Measure Parts Closely

Adding a coordinate measuring machine to the shop floor enables better process control

Inspection process

Moving the inspection process to the shop floor can speed production while also making it more efficient. Photo courtesy of Carl Zeiss.

To be competitive, today’s machine shops must complete their work in the shortest time possible. When scrap and the requisite rework cause delays, it costs money. Moving the inspection process to the shop floor can speed production while making it more efficient. CIM—Canadian Industrial Machinery asked Peter Detmers, vice president of sales for Mitutoyo Canada, and Rob Johnston, product manager—Carl Zeiss IMT products for Elliott Matsuura Canada, for their opinions about shop floor measurement. Here’s what they had to say.

CIM: What are the benefits of having measurement capability on the shop floor?

Detmers: Today it is very important for shops to operate with high efficiency and produce good-quality parts each and every time. Adding measurement capability to the shop floor helps to maintain a controlled process because machine operators are able to respond quicker to process variation. This quick response ensures that scrap and rework are minimized, or possibly even eliminated, making the overall operation more efficient and, hopefully, profitable. Process monitoring through measurement can also be used to monitor other machine aspects such as tool wear.

Johnston: The closer you are to the process, the better you can provide real-time feedback. By having a CMM closer to manufacturing, machine operators and production staff become more engaged in the quality process. It puts more of a front-end emphasis on quality and process control.

CIM: What is enabling CMMs to now be part of the shop floor environment?

Detmers: One change is the addition of temperature compensation, which allows for temperature variations in the machine structure, as well as those in a part, to be compensated in real time.

Another important factor is new machine design related to shop environments. Many conventional CMMs use air bearings, which in a shop may become an issue when oils and dust are present. In these cases, we have designed machines with precision linear guides enclosed within the machine covers, allowing high-speed, highly accurate measurements in harsh environments.

Johnston: There are a couple of reasons behind this, including material sciences, perception, and more companies investing in their shop floor environment. Our Zeiss Maxline CMMs are built with materials that are resistant to temperature fluctuations and have vibration-dampening systems so they can be near the shop floor.

There also seems to be new openness to placing this technology on the floor, where historically people felt gauges were tried, tested, and true. In addition, many shops are installing demisters and dehumidifiers. This helps when putting precision measuring equipment closer to manufacturing.

CIM:How do you keep shop floor CMMs from becoming a bottleneck?

Measurement process

Fast response from the measurement process reduces scrap and rework, making the overall operation more efficient. Photo courtesy of Mitutoyo Canada.

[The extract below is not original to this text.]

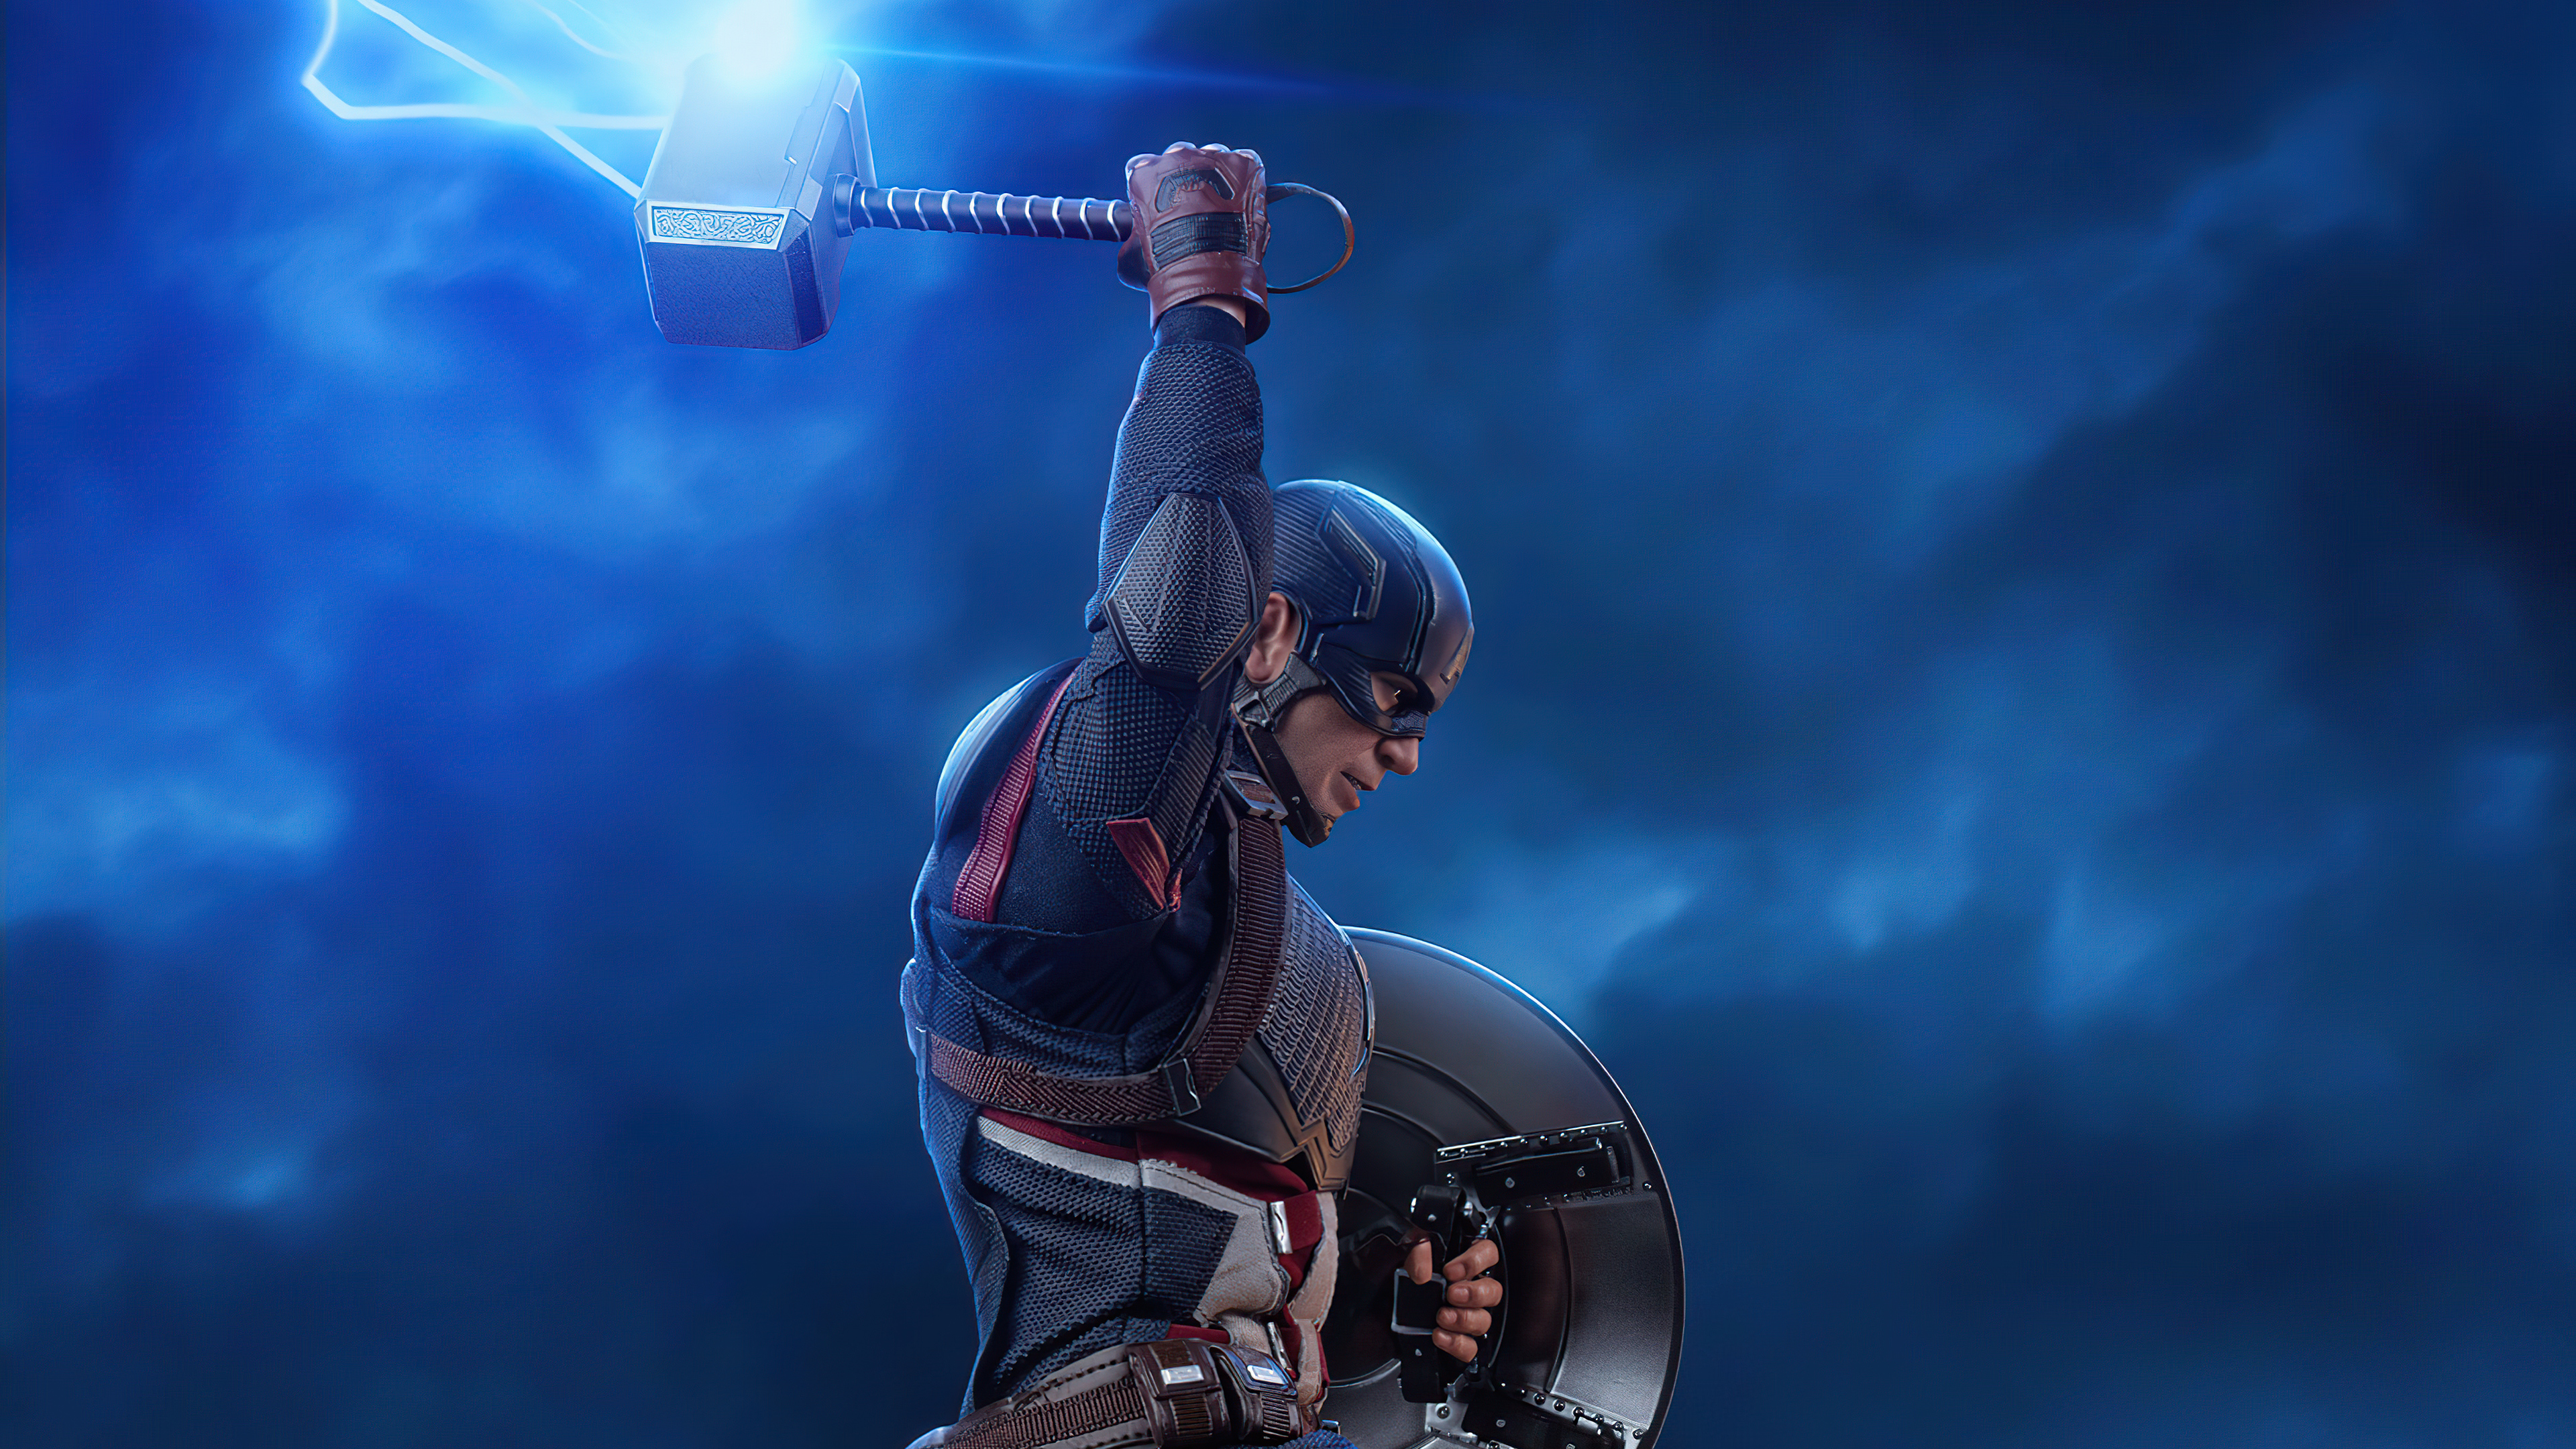 Captain America with Thor's Hammer Wallpaper 4k Ultra HD ID:7060

Detmers: Our MACH series shop floor CMMs, for example, are high speed machines that enable the CMM to keep pace with the demanding tasks associated with shop floor needs. We also encourage manufacturers not to use the inline or sideline equipment in the same way they would use it for final inspection. They should use the machine to control the process, not to measure features that cannot be controlled. Additionally, if the shop has parts that go through many different machining or processing operations, checking them after each operation can prevent further work being done to a part that isn’t going to pass in the end.

Another way to improve the efficiency is to rely on the SPC [statistical process control] data to flag problematic features. If only a couple of features are difficult to maintain, then measurements should be concentrated on those features, thereby giving operators more ability to control the overall outcome.

Johnston: Many industries want 100 percent inspection on every part, which means the quality system can easily become the bottleneck, especially if the inspection time is longer than the machining and automation time.

Smart decision-making on critical features and using software correctly will keep CMMs from becoming a bottleneck. The shop must invest in good part planning to measure the critical features on the floor.

CIM: Is getting measurement data back to the production equipment as fast as possible important?

Detmers: Data transfer to the machine can be very important if tool wear can be offset to correct the problems found via measurement. These problems can be flagged in a few ways, either to the cell operator so he can react and make adjustments to the machine or process, or automatically via a machine tool offset package. These packages can allow the process to be automated so that typical wear issues can be adjusted for during the process, allowing for corrections before problems occur that can result in scrap or rework.

Johnston: The more parts that are inspected, the more data we have that can be statistically tracked. There are new products on the market that automatically read CMM data and provide secondary software tools to update machine tool offsets. This is great for cutter compensation and basic offsets.

When more complex 5-axis geometry is being inspected and analyzed to unconstrained datums, this sort of higher-level offset and corrections are still done through manual changes.